Bayes and Logistic Regression
The class posterior distribution for a Naive Bayes classification model has the same form as multinomial logistic regression:
\[p(y = c|\vec{x}, \vec{\theta}) = \displaystyle\frac{e^{\beta_{c}^{T}\vec{x} + \gamma_{c}}}{\displaystyle\sum_{c'=1}^{C} e^{\beta_{c}^{T}\vec{x} + \gamma_{c}}}\]
Naive Bayes
\[f(y | x_{1}, x_{2}, ..., x_{p}) = \frac{f(y) \cdot L(y | x_{1}, x_{2}, ..., x_{p})}{\sum_{y'} f(y') \cdot L(y' | x_{1}, x_{2}, ..., x_{p})}\]
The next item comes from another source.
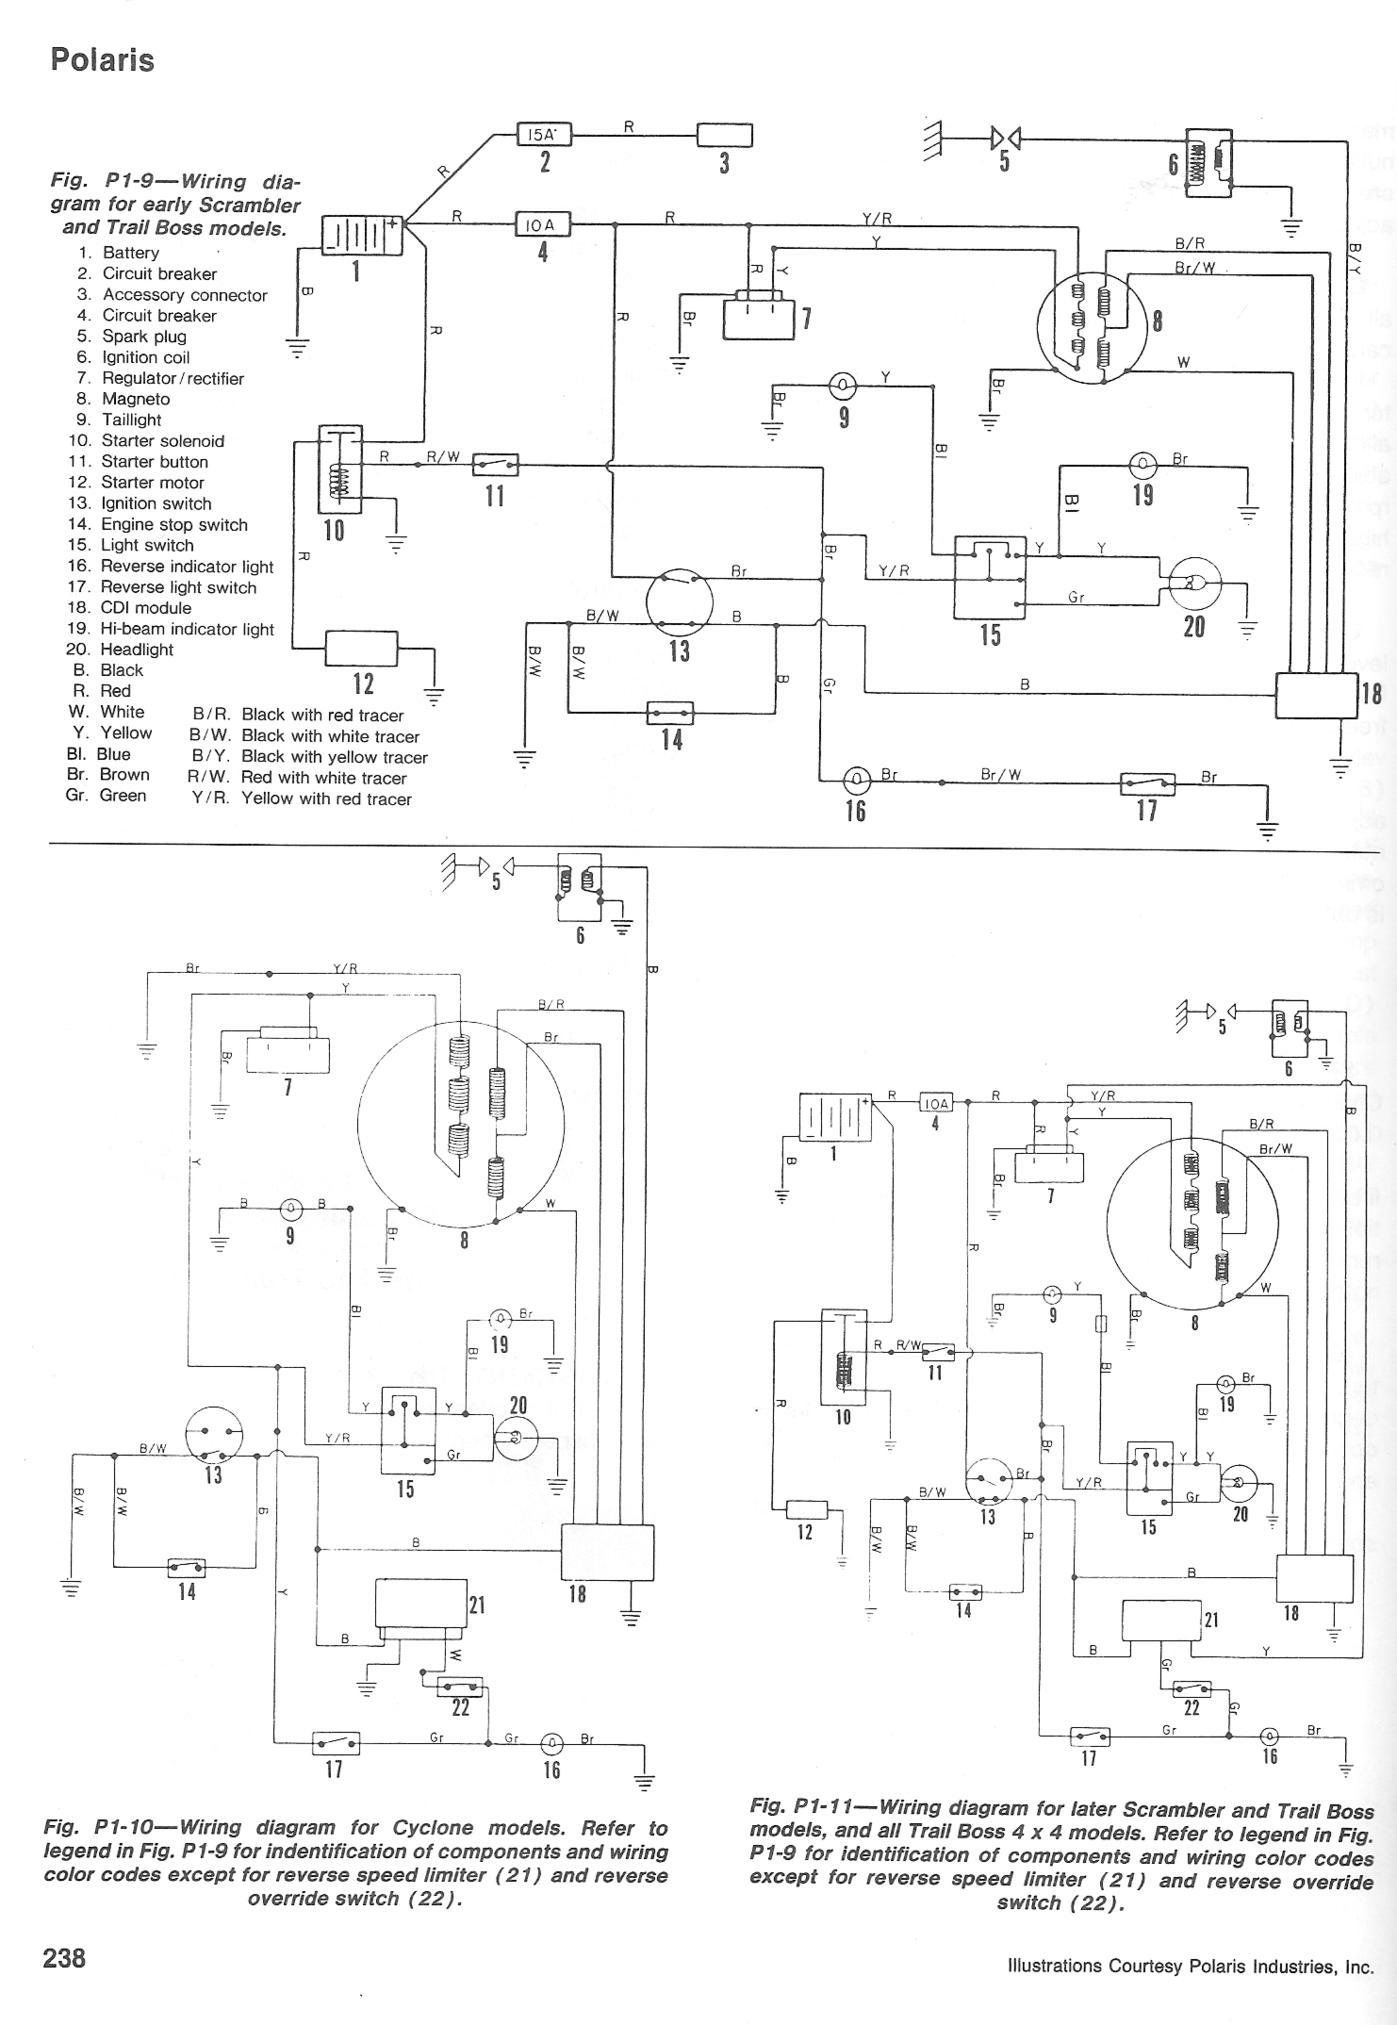 2007 Polaris 330 Trail Boss Wiring Diagram

- conditionally independent \(\rightarrow\) computationally efficient
- generalizes to more than two categories
- assumptions violated commonly in practice
- optimizes joint likelihood \(\displaystyle\prod_{n} p(y_{n},\vec{x}_{n}|\vec{\theta})\)
Logistic Regression
\[\log\left(\frac{\pi}{1-\pi}\right) = \beta_{0} + \beta_{1}X_{1} + \cdots + \beta_{k}X_{p}\]
- binary classification
- coefficients \(\rightarrow\) illumination of the relationships among these variables
- optimizes conditional likelihood \(\displaystyle\prod_{n} p(y_{n}|\vec{x}_{n},\vec{\theta})\)